Matthew Andrews
Product Manager ・ Software Engineer ・ Executive MBA Graduate ・ Tokyo Resident

Platform Products: Shared Responsibility vs. Gatekeeper vs. Custodian

My previous post, 3 things any digital product team can do to build better products, generated a passionate and robust rebuttal from a close colleague who I deeply respect.

In my post I argued that no matter how successful or dysfunctional your team, there are always three things any team can do better. In prioritised order these are: talk directly to real customers, test product concepts with customers and release incrementally.

My colleague rightly pointed out this can result in a single-minded focus only on the parts of a product the end customer sees, which can lead teams to neglect the shared platforms multiple product teams depend on.

In my experience the way those platforms are managed tend to match one of the following patterns below, which I’ve written in order of increasing maturity and efficacy:-

Shared responsibility

Imagine ten factories surrounding a lake. Each factory relies on clean water to operate. But each could choose either to properly clean their waste water or save money and not clean it before discharging back into the lake. When driven by one short term goal, to maximise profit, the factories may choose to neglect their responsibility to keep the lake clean until none can operate and they all lose money.

When it works

  • At the beginning when a need for a platform-like capability is still emerging.
  • With small, very mature teams that are able to exercise strong self-discipline.
  • When teams are not being rushed and don’t feel they need to cut corners.


The lake is now polluted. The factories have all shutdown. The local economy has collapsed. The government have appointed a powerful new Lake Management Authority, who will solely be responsible for discharging and extracting any water to and from the lake to ensure it remains clean for the benefit of all.

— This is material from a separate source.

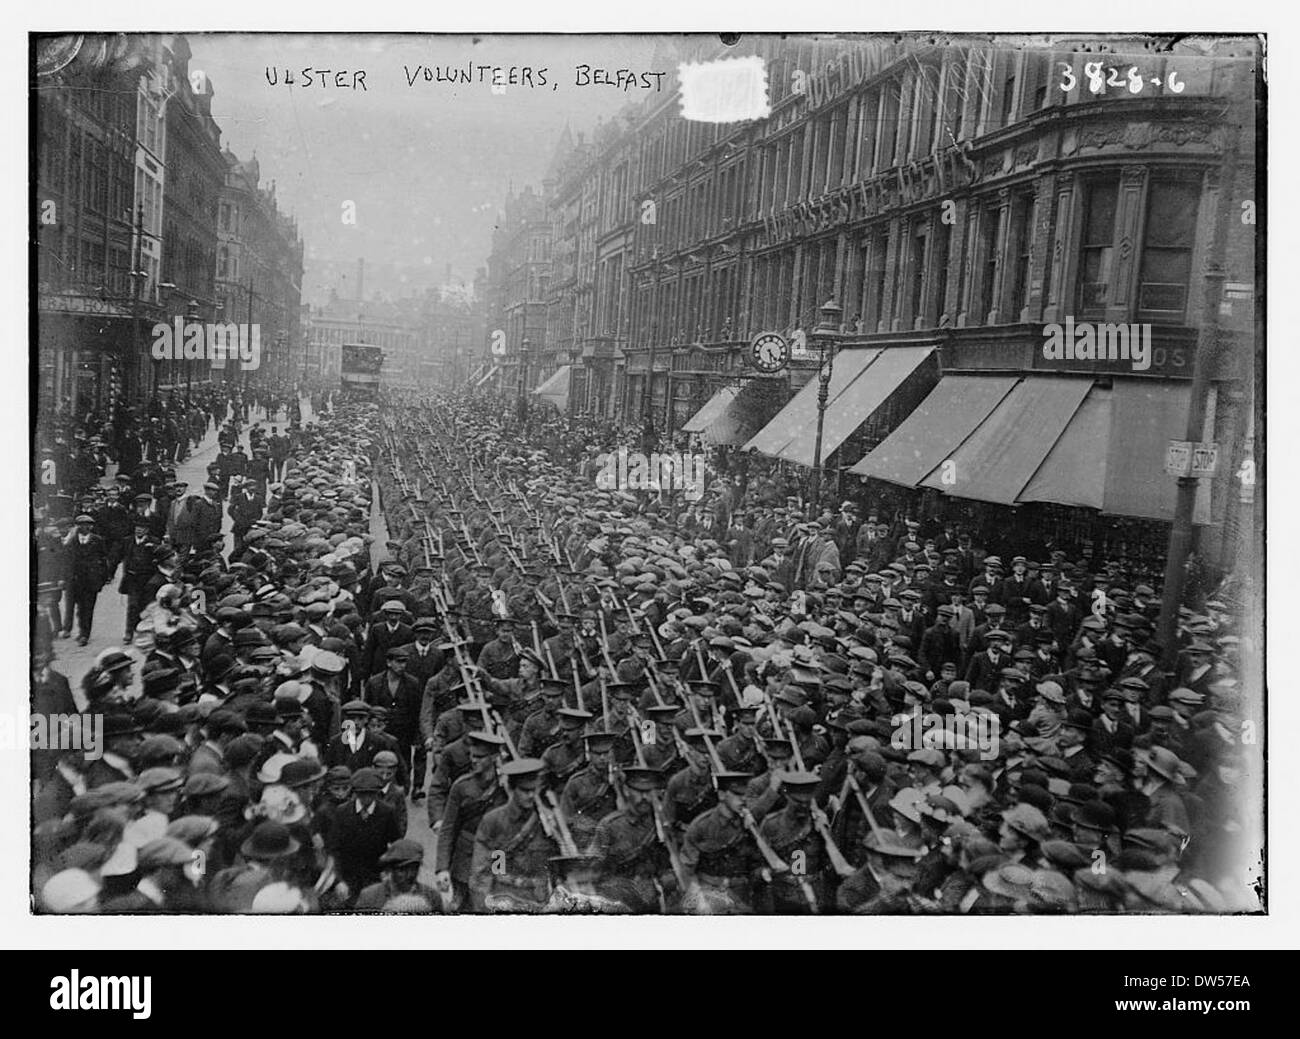 Ulster Volunteers, Belfast (LOC) Stock Photo

It takes significant effort to put in and maintain those strict controls but resources are limited — there’s only so much the factories can pay for water access and still remain profitable. Innovative but uncertain new uses of the lake struggle to get attention because the authority is already behind on meeting existing demands. Water access drifts to larger, richer, more powerful factories. The economy still grows but not up to its potential. Some factories discuss moving to another lake further upstream, outside of the jurisdiction of the Lake Management Authority.

When it works

  • When the need for the platform has clearly emerged.
  • For platforms in a state of disrepair during a recovery phase.
  • Where there’s value to protect the platform from the pressure to cut corners from product team.

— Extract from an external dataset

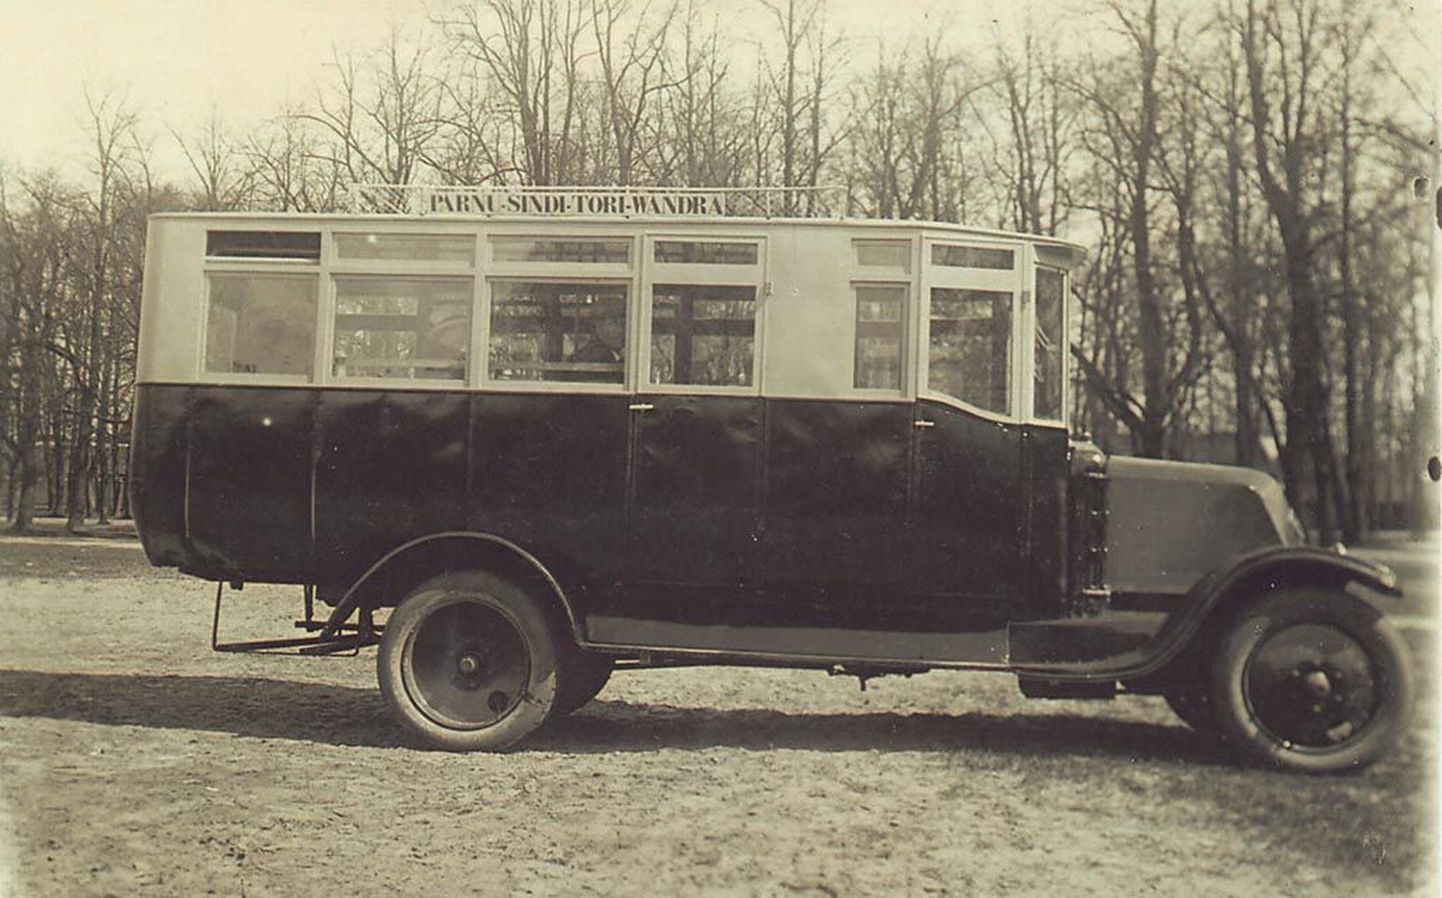 Alguses sõitis Pärnu-Sindi-Tori-Wändra liinil selline autobuss.

Recognising the economic impact of the strict control over lake management, the Lake Management Authority loosen their control. Their role changes gatekeeper to custodian, working in collaboration with rather than in conflict with factories. The authority retains power to approve or deny lake access but empowers factories to take greater responsibility for extracting and discharging water. Innovative uses of the lake emerge more quickly, the cost to protect the lake falls and the economy grows. The lake stays clean.

When it works

  • Where there’s strong communication between platform and product teams.
  • Where it’s possible to scale the platform improvements by empowering product teams to take some responsibility for developing them, with oversight from the custodians.
  • The system can tolerate and recover from occasional ‘damage’ that is inevitable due to the less strict oversight.